SÃO PAULO, SP (FOLHAPRESS) – As regras impostas nos últimos anos para tentar atenuar as desigualdades na política brasileira tiveram pouco impacto na diversidade dos legislativos municipais eleitos no domingo (6) pelo país.
Dos quase 58.422 candidatos escolhidos para o cargo de vereador, 46% se declaram pretos ou pardos, e apenas 18% são mulheres, um crescimento de apenas 1 e 2 pontos percentuais, respectivamente em relação ao pleito de 2020.
Há quatro anos, os negros somavam 45% dos eleitos e, em 2016, eram 42%. Os brancos ainda ocupam 53% do total de cadeiras, um ponto a menos do que no pleito passado, e amarelos e indígenas são 0,4% cada grupo percentual que também variou pouco em relação à última eleição.
A divisão não reflete a população do país, na qual pretos e pardos somam 56%, segundo dados do IBGE (Instituto Brasileiro de Geografia e Estatística. Os dois grupos foram também 53% dos candidatos que tentaram uma vaga em 2024.
Existem 260 municípios em que negros são 100% da Casa. Dentre as cidades em que eles ocupam a maioria das cadeiras, a maioria se localiza no Nordeste e possui menos de 73 mil eleitores, como é o caso de Central (BA) e Araguanã (MA).

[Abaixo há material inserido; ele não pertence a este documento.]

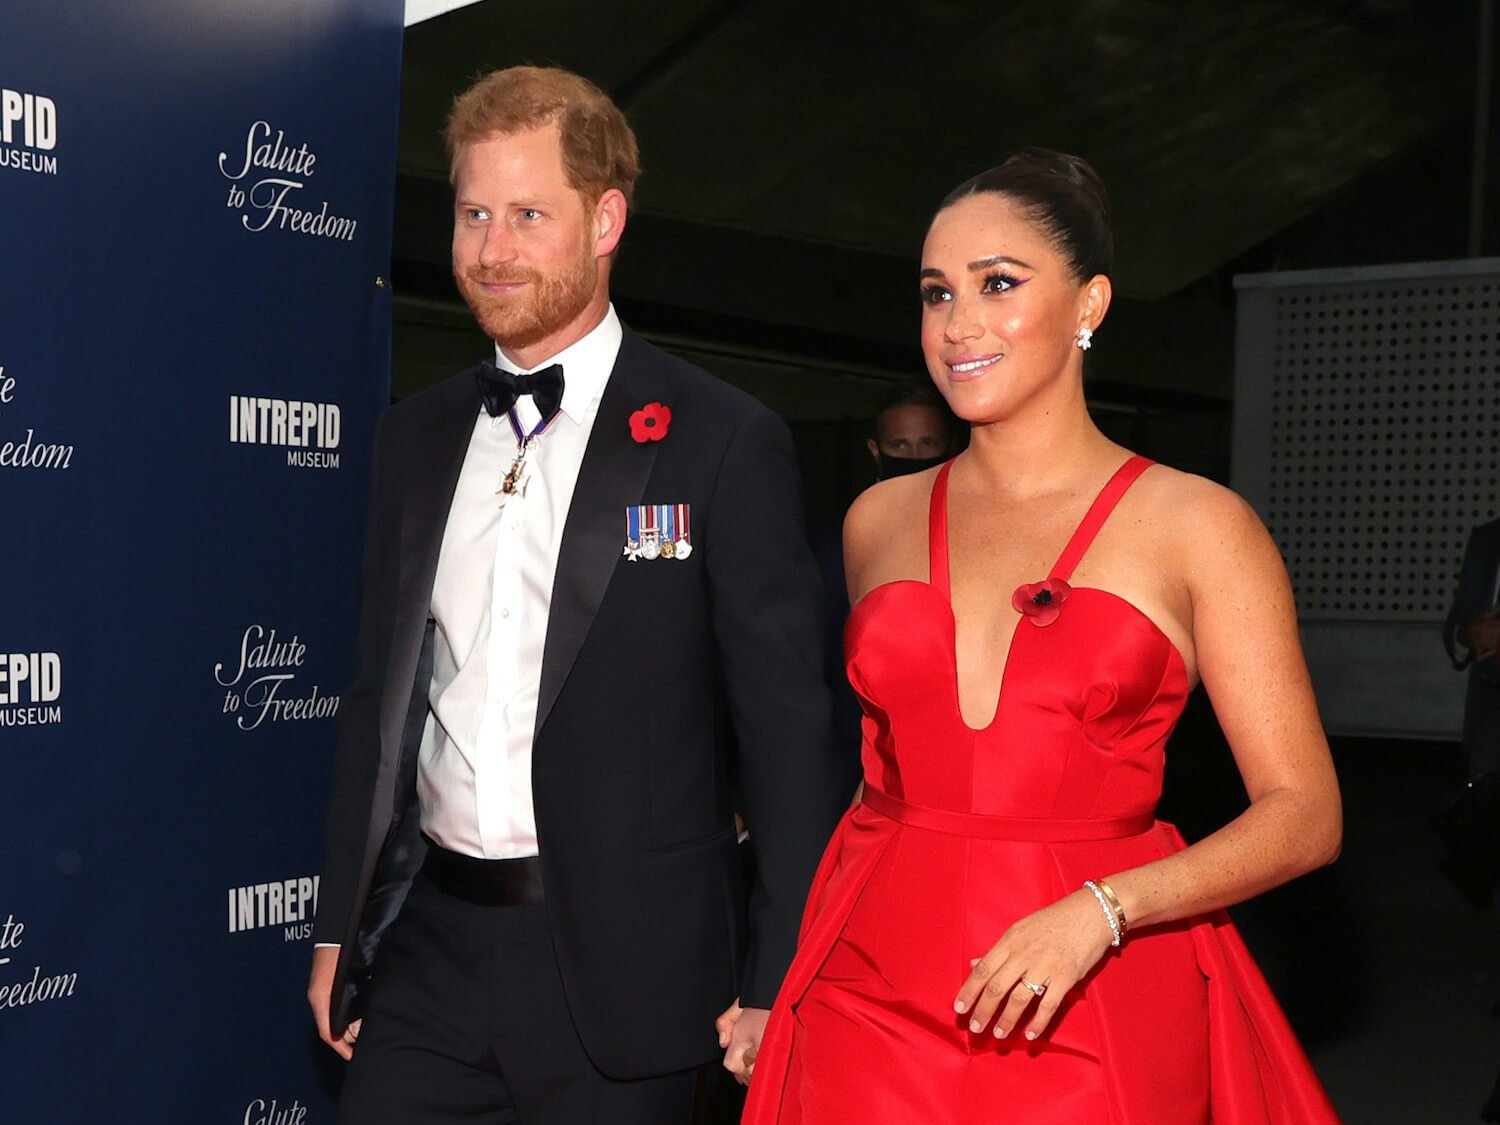 Prince Harry and Meghan Markle compatible based on their astrological signs expert says

Na contramão, 626 municípios não terão nenhum vereador autodeclarado preto ou pardo em 2025, o equivalente a 11% do total. Quando levado em conta também o gênero, o fosso da desigualdade fica ainda mais profundo: as mulheres pretas ou pardas são apenas 8% dentro dos 47% negros que conquistaram uma vaga.
No total, o número de mulheres eleitas para os legislativos municipais no país subiu de 16% para 18% das cadeiras disponíveis, em comparação a 2020. Em números absolutos, são 10.644 vereadoras e 47.750 vereadores a ocupar uma cadeira.

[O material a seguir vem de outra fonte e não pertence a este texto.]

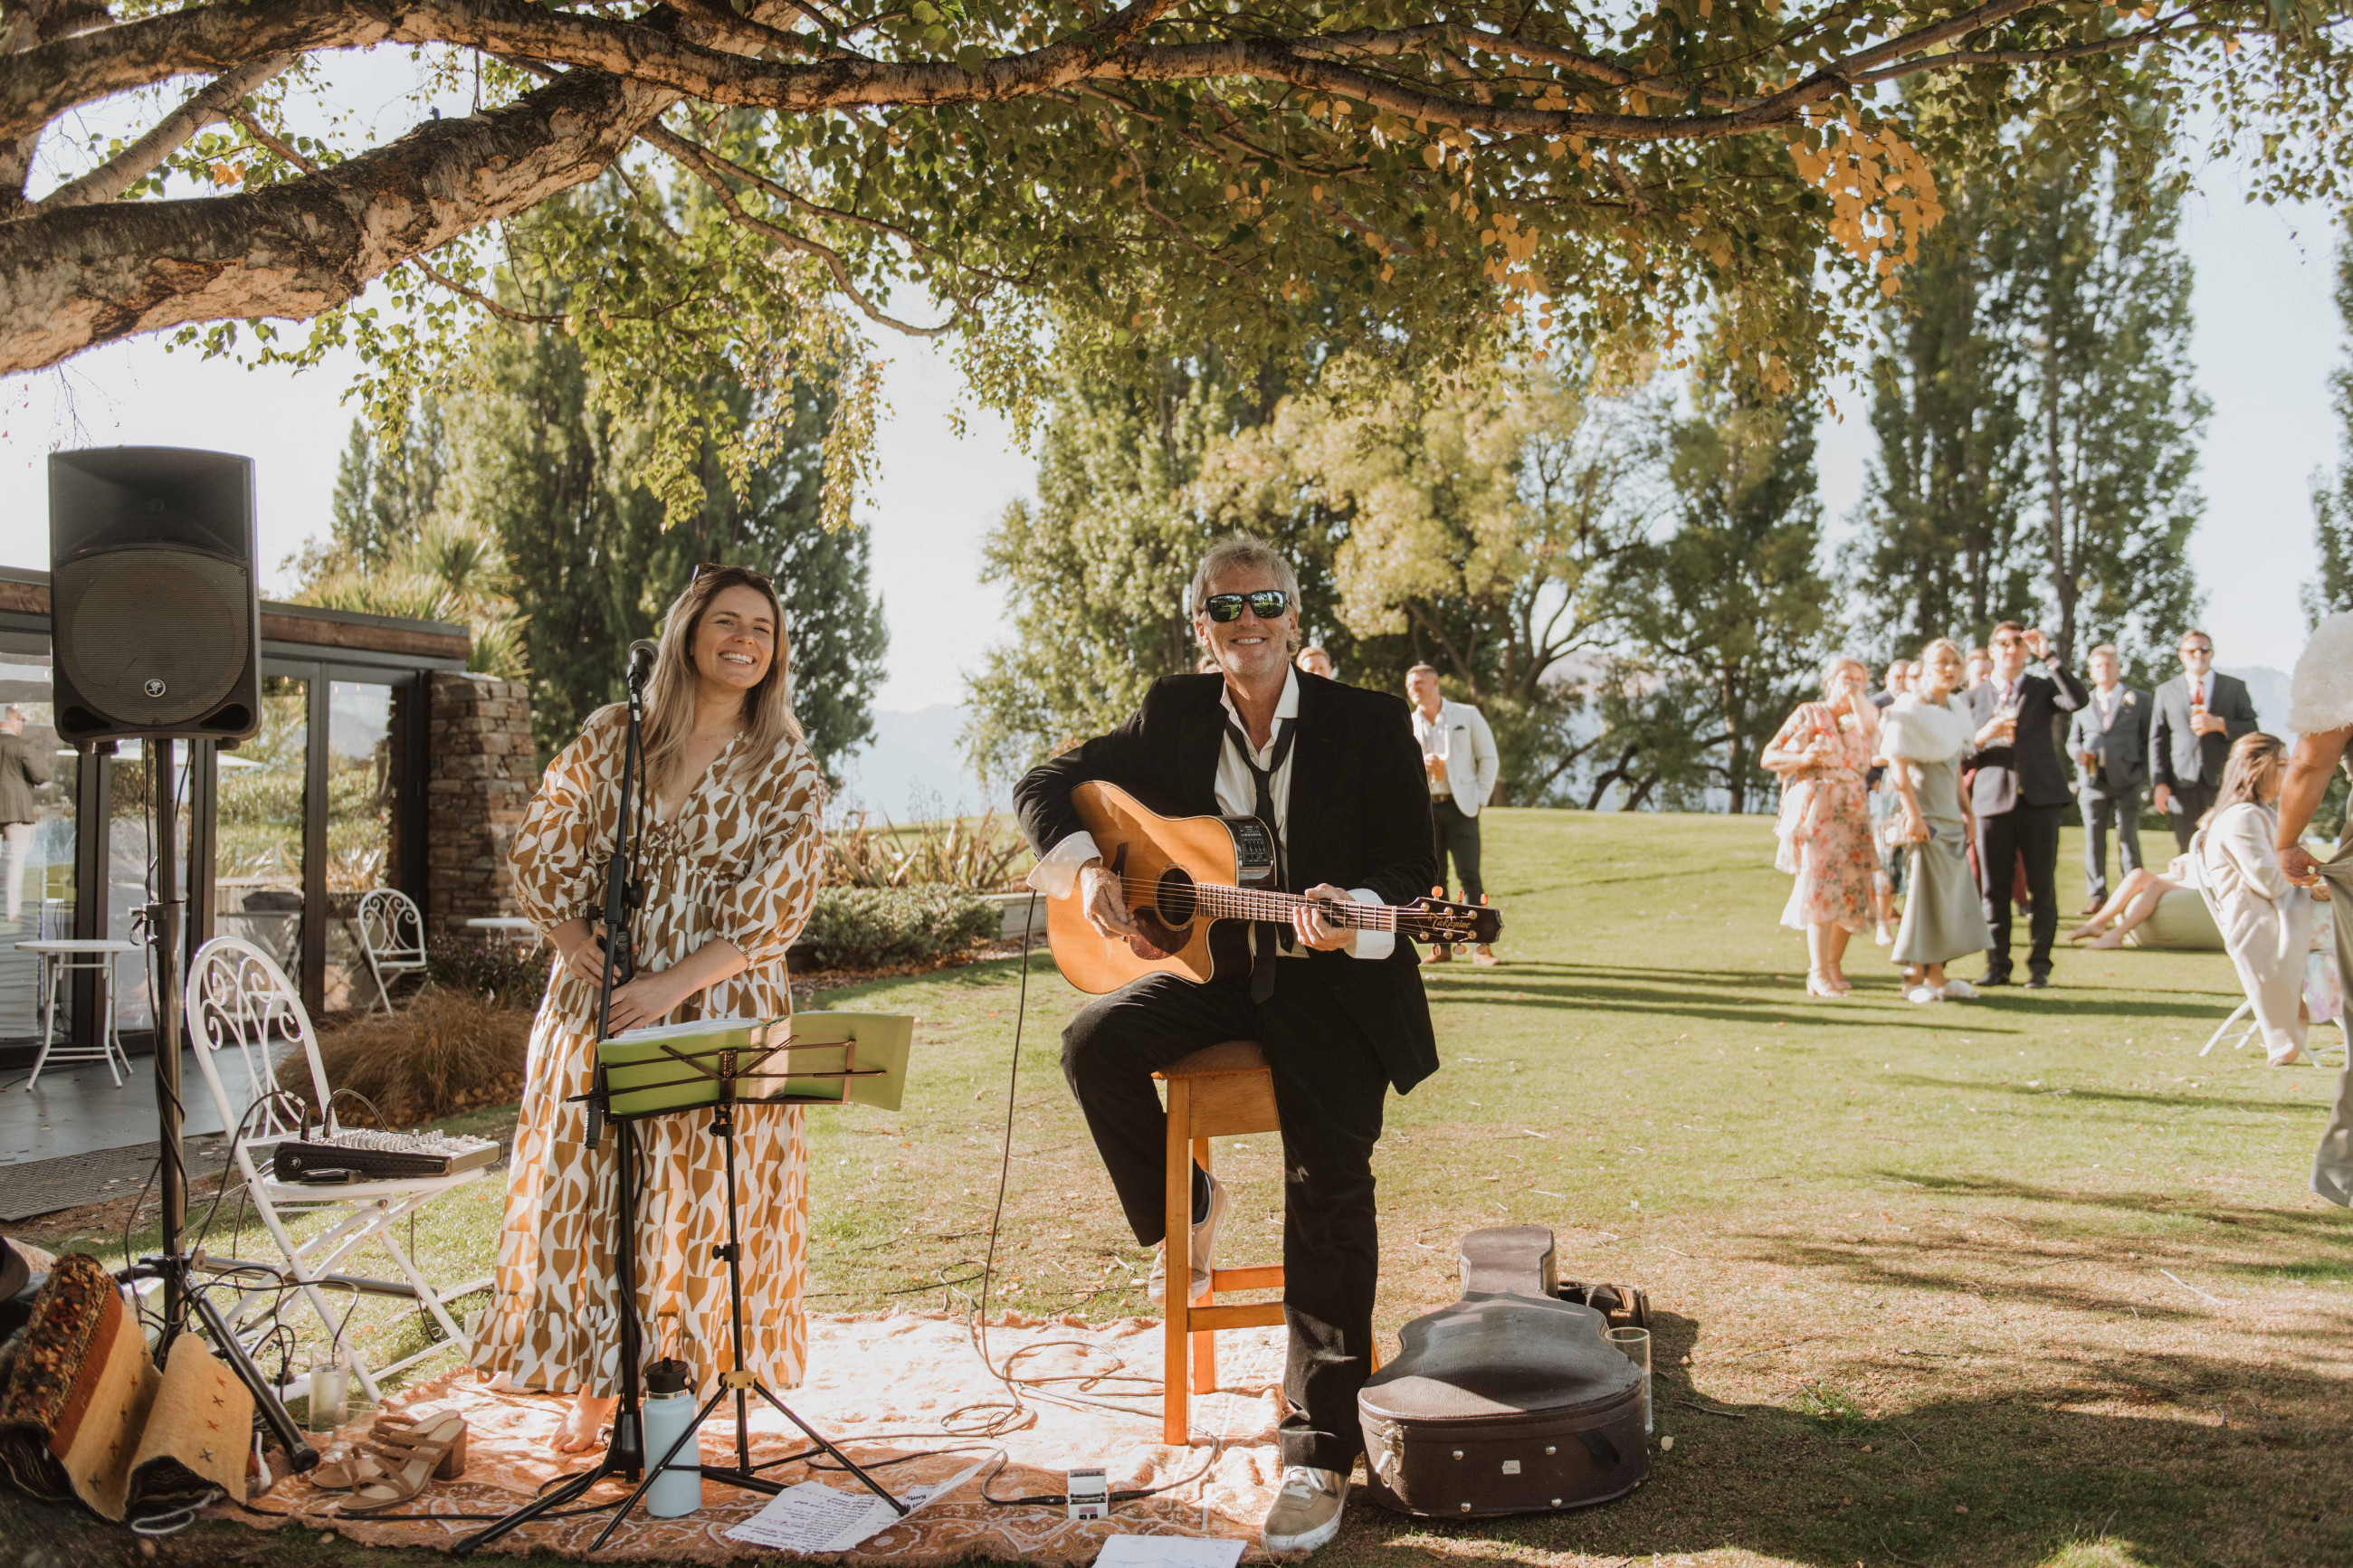 Lake Wanaka weddings at it's best with live entertainment!

A parcela fica longe da proporção de candidatas para esta eleição que era de 35% e ainda mais distante quando levada em conta a proporção de 51,5% de mulheres na população geral do país.
Apesar de todos os municípios do país terem registrado candidatas, 13% (738) não tiveram nenhuma eleita. Entre eles, estão Mauá (SP), Nova Iguaçu (RJ), Palhoça (SC) Sumaré (SP), e Suzano (SP), que não terão nenhuma vereadora a partir do ano que vem.
Na contramão do que acontece nessas cidades, a Câmara Municipal de São Paulo, a maior do país, será mais diversa e contará com mais mulheres e negros na legislatura que começa em 2025, se comparada com a que iniciou em 2021.
Pesquisa Datafolha realizada em julho mostrou que mais de 60% dos eleitores consideravam insuficientes os números de vereadores mulheres e negros em São Paulo, Rio, Belo Horizonte e Recife. Ao mesmo tempo, cerca de 8 em cada 10 responderam na ocasião que o gênero e a cor de um candidato não faria diferença na hora de escolher um prefeito nestas eleições.
Em 2020, decisão do STF (Supremo Tribunal Federal) obrigou os partidos a dividir seu bilionário fundo eleitoral e seu tempo de propaganda de maneira proporcional ao número de candidatos negros e brancos. Na disputa de 2022, por exemplo, pretos e pardos deveriam ter recebido 50% de R$ 5 bilhões.
Mas a determinação foi descumprida generalizadamente pelos partidos, que se articularam para aprovar a chamada PEC da Anistia em agosto deste ano, em um plenário esvaziado. O texto que acabou sendo votado reduziu as cotas financeiras para negros para 30%, percentual já válido nas eleições deste ano.
Também perdoou os débitos dos partidos que não cumpriram o valor mínimo nas eleições passadas e determinou que esses recursos sejam investidos em candidaturas de negros nas quatro eleições a serem realizadas a partir de 2026.
O texto final da PEC acabou não tratando do caso das mulheres, portanto permanece a determinação de que elas devem ser 30% das candidatas e receber os recursos de campanha de maneira proporcional à sua presença.
Para o cientista político e professor da UFBA (Universidade Federal da Bahia) Cloves Oliveira, o grande funil que limita o aumento de candidatos negros e mulheres nas casas legislativas deve-se ao fato de que “as variáveis gênero e raça precisam hoje rivalizar com a variável política ideológica partidária”.
Mesmo diante do aumento estatístico pequeno na proporção de negros e mulheres nas casas legislativas nesta eleição, Oliveira avalia que isso não inviabiliza e mostra a “necessidade da politização das discussões de gênero e de raça” na disputa pelas Câmaras.
“É uma política de presença. Cada indivíduo eleito desses grupos muda a simbologia desses quadros.”